To mark the official opening of improvements to Lorn Park two special matches were arranged against teams led by Charlie Macartney, the great Australian Test batsman – one in 1922 and the other in 1923. The 1922 Match – This match was arranged mainly through the influence of Will C. Johnston who was a friend of Charlie Macartney’s from former schooldays spent together at Maitland Primary School.

Will persuaded Charlie to bring to Maitland a team that included a number of international and interstate players – Alan Kippax, Bert Oldfield, Johnnie Taylor, Tommy Andrews, “Johnnie” Moyes and Bill Trenerry (a former local player) – to play a match at Lorn Park on September 9, 1922 to mark the official opening of the new turf wicket. Dr Neil Blue, who had brought University teams to Maitland in the pre-war days, accompanied Macartney’s team as Manager.

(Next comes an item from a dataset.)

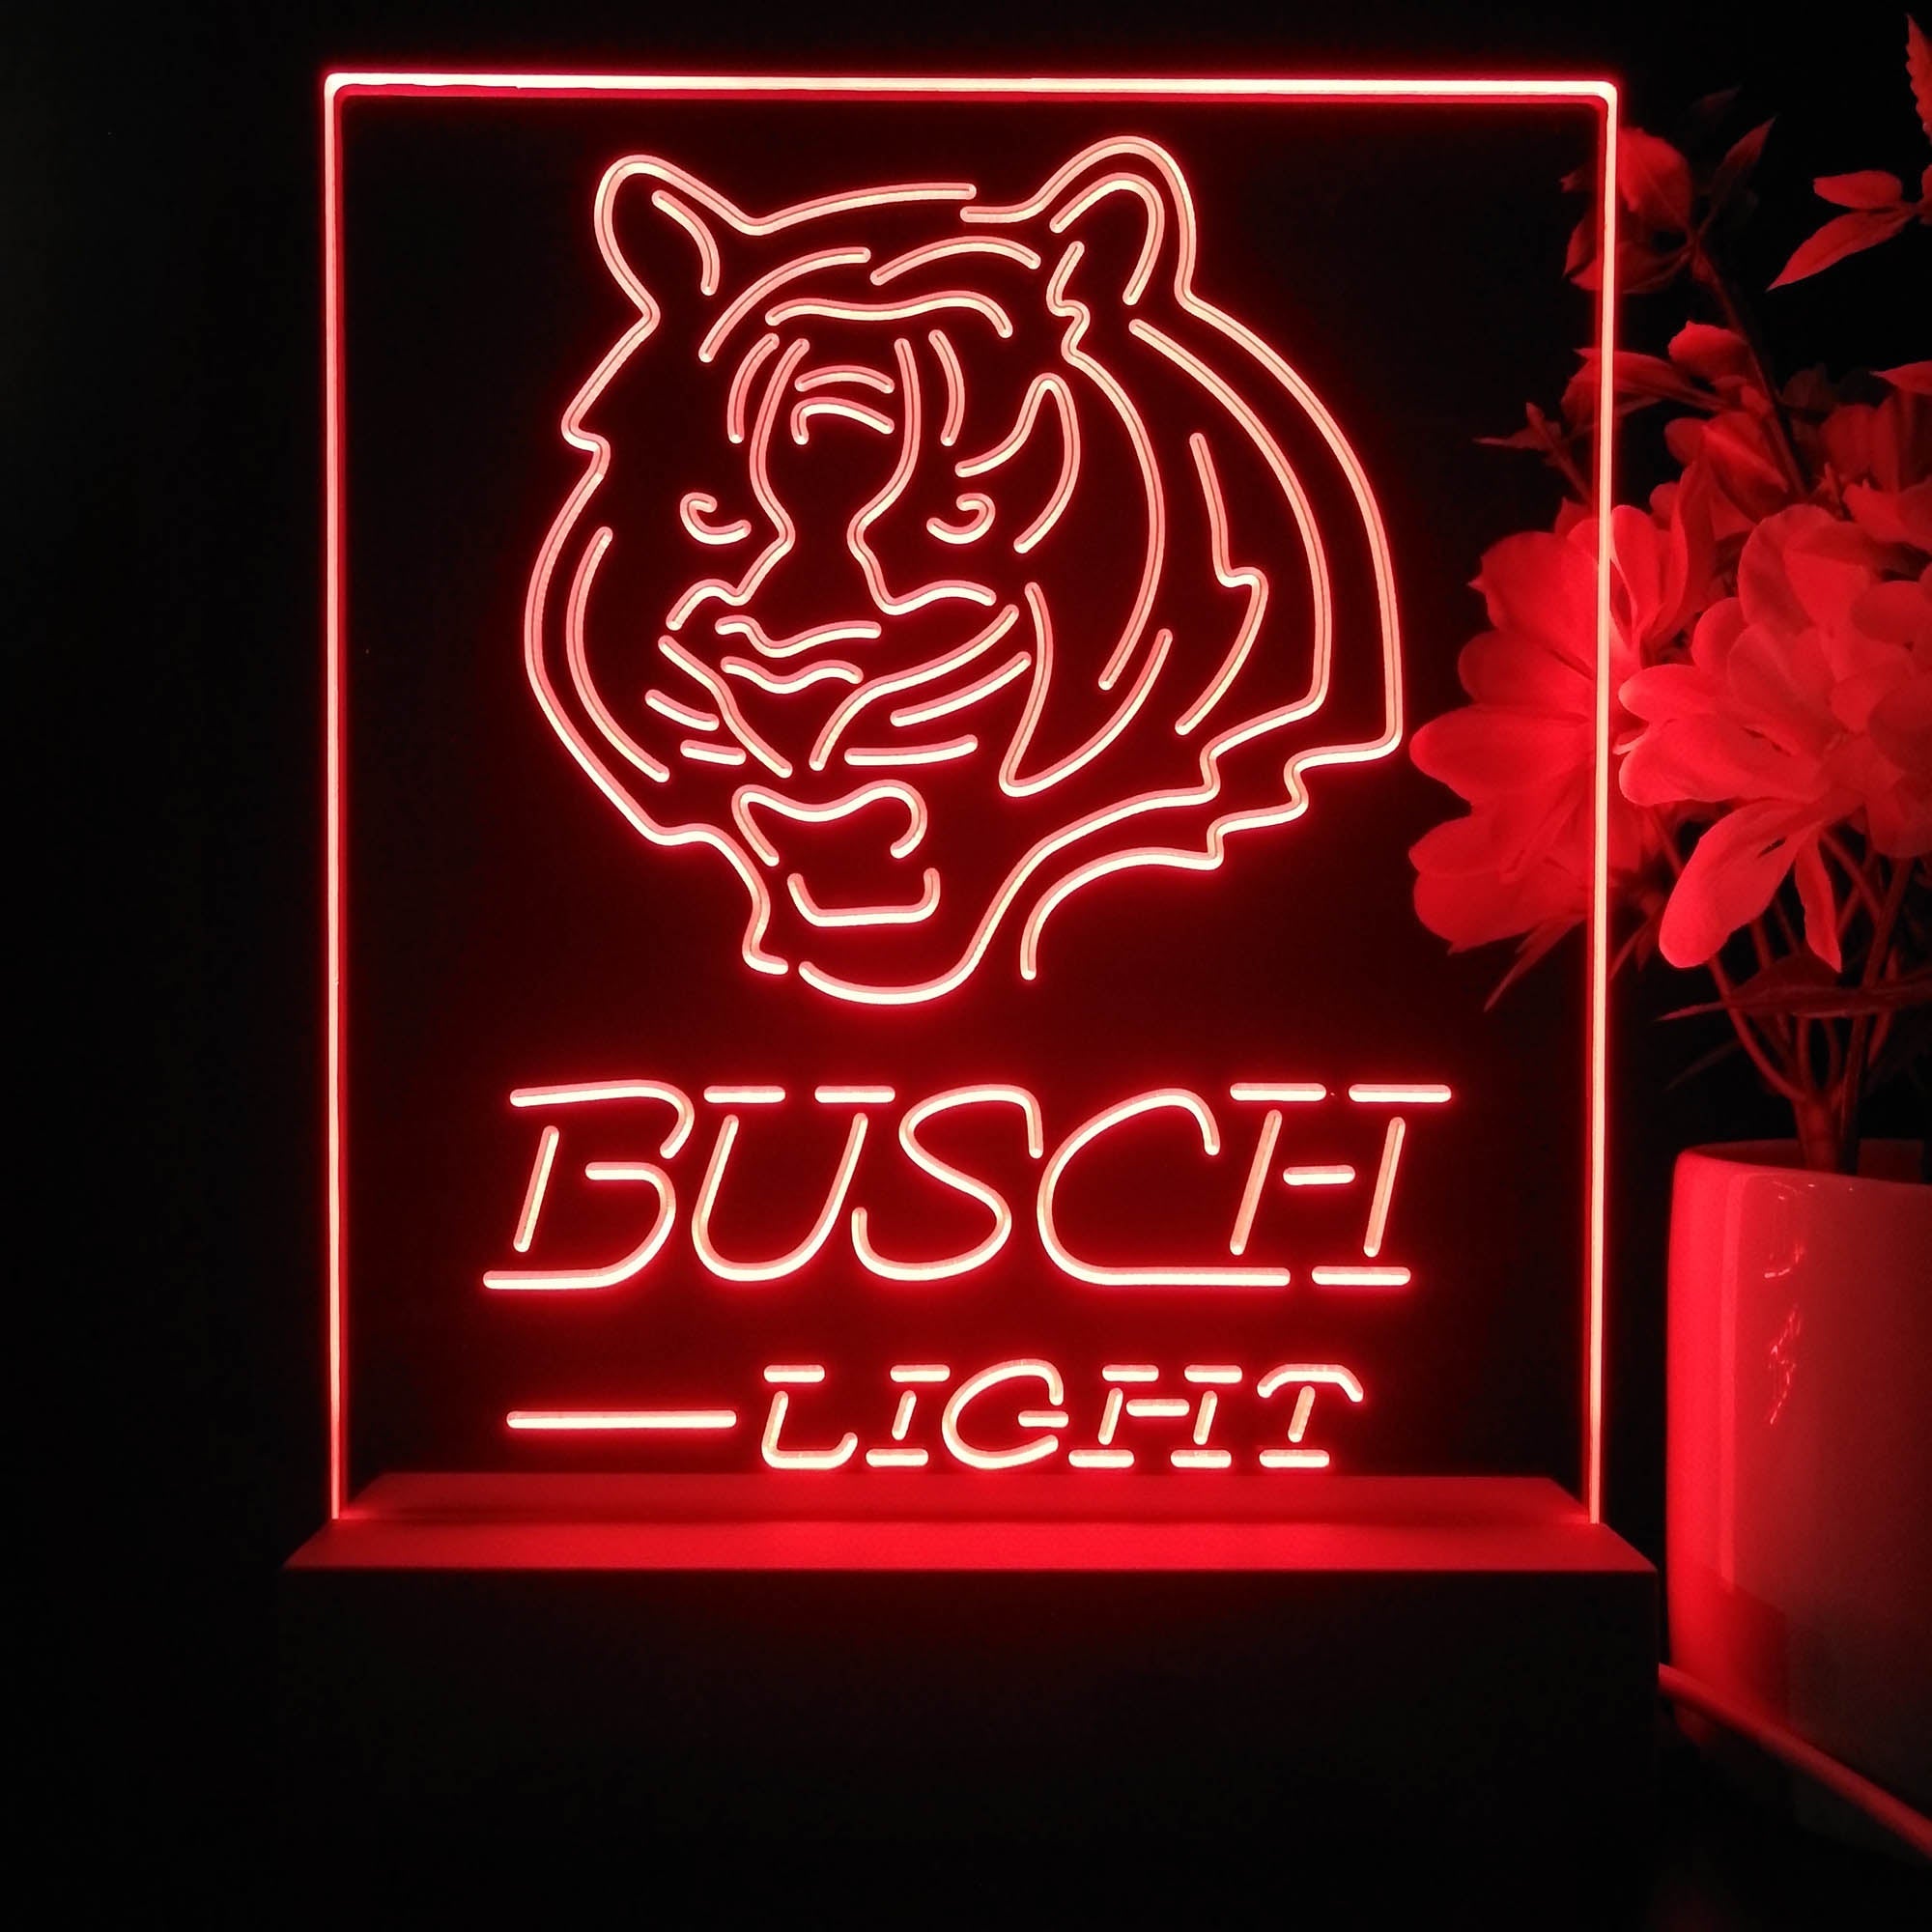 Cincinnati Bengals Busch Light Neon Sign Pub Bar Lamp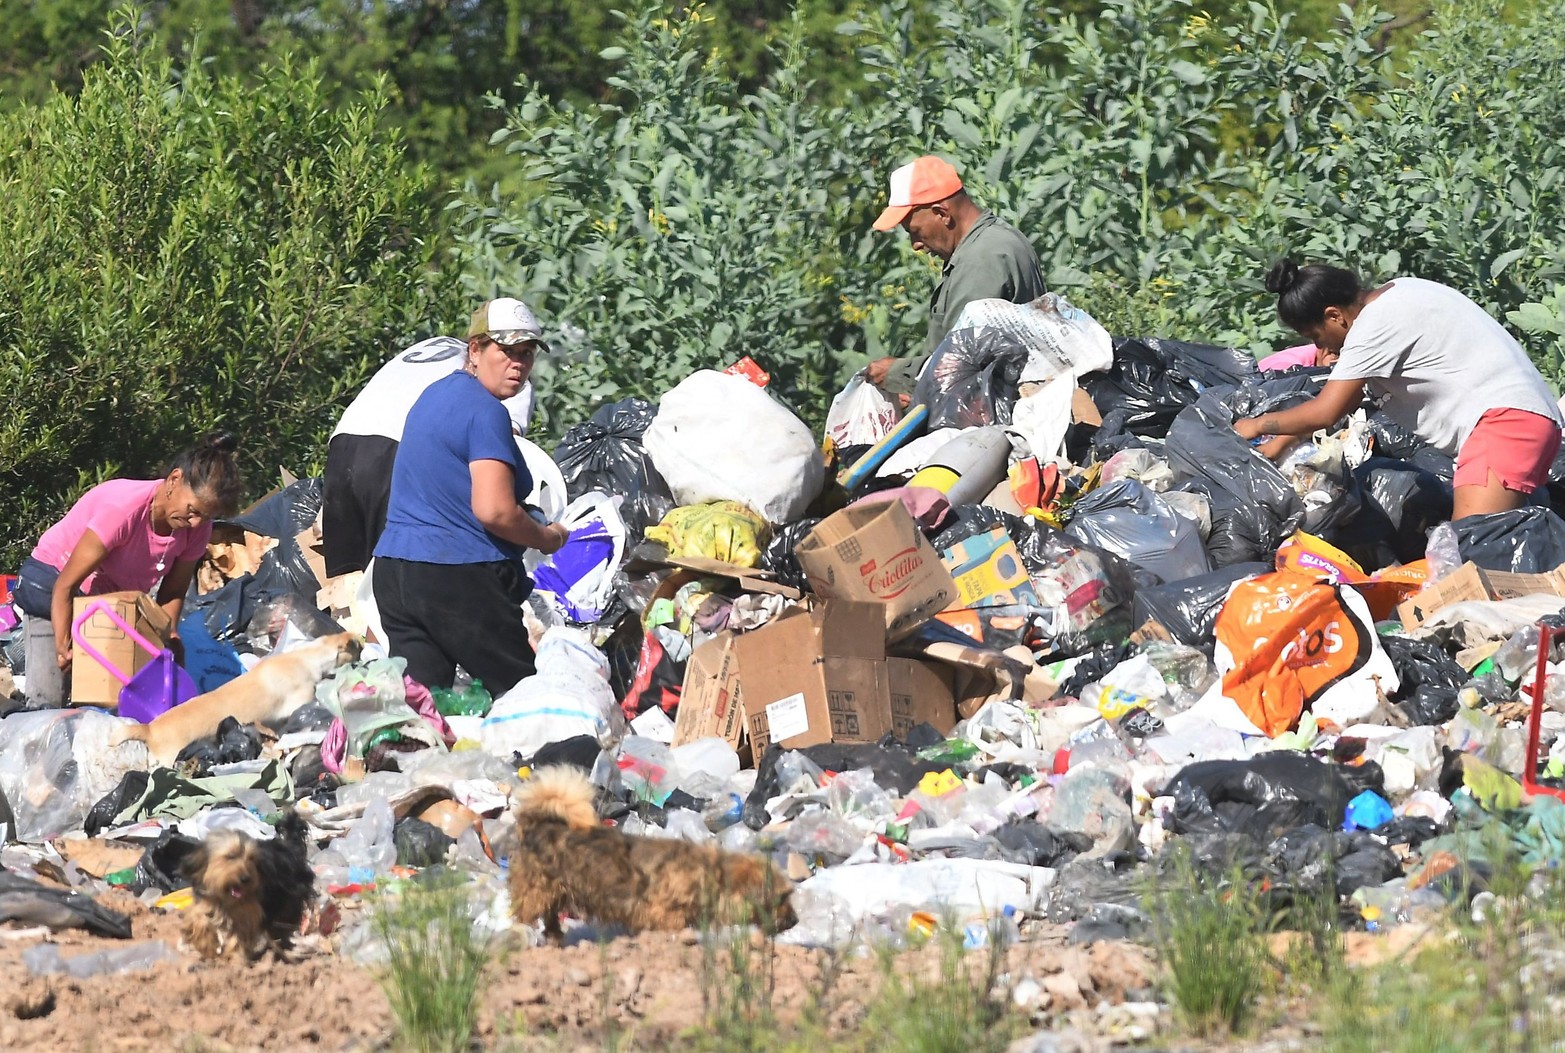 Contaminación. Vecinos revisan los residuos depositados en el basural que se inunda.

The local Northern District XIII was captained by Will Johnston and included two other Northern Division players – Les Manners and Roy Oakes – with Rev H.R. Holmes named as the reserve. Other local players in the team were L. Moore, R. McLean, H. Patfield Snr. (Robins) and J. McEnearney (Marist Brothers), while invited players from outside the Hunter River Association’s District were Dr E.P.Barbour, S. McGlynn (Newcastle), B. Watson (Taree), W. Jarrett (Eccleston), R. Fawcett and C. Morrissey (Singleton).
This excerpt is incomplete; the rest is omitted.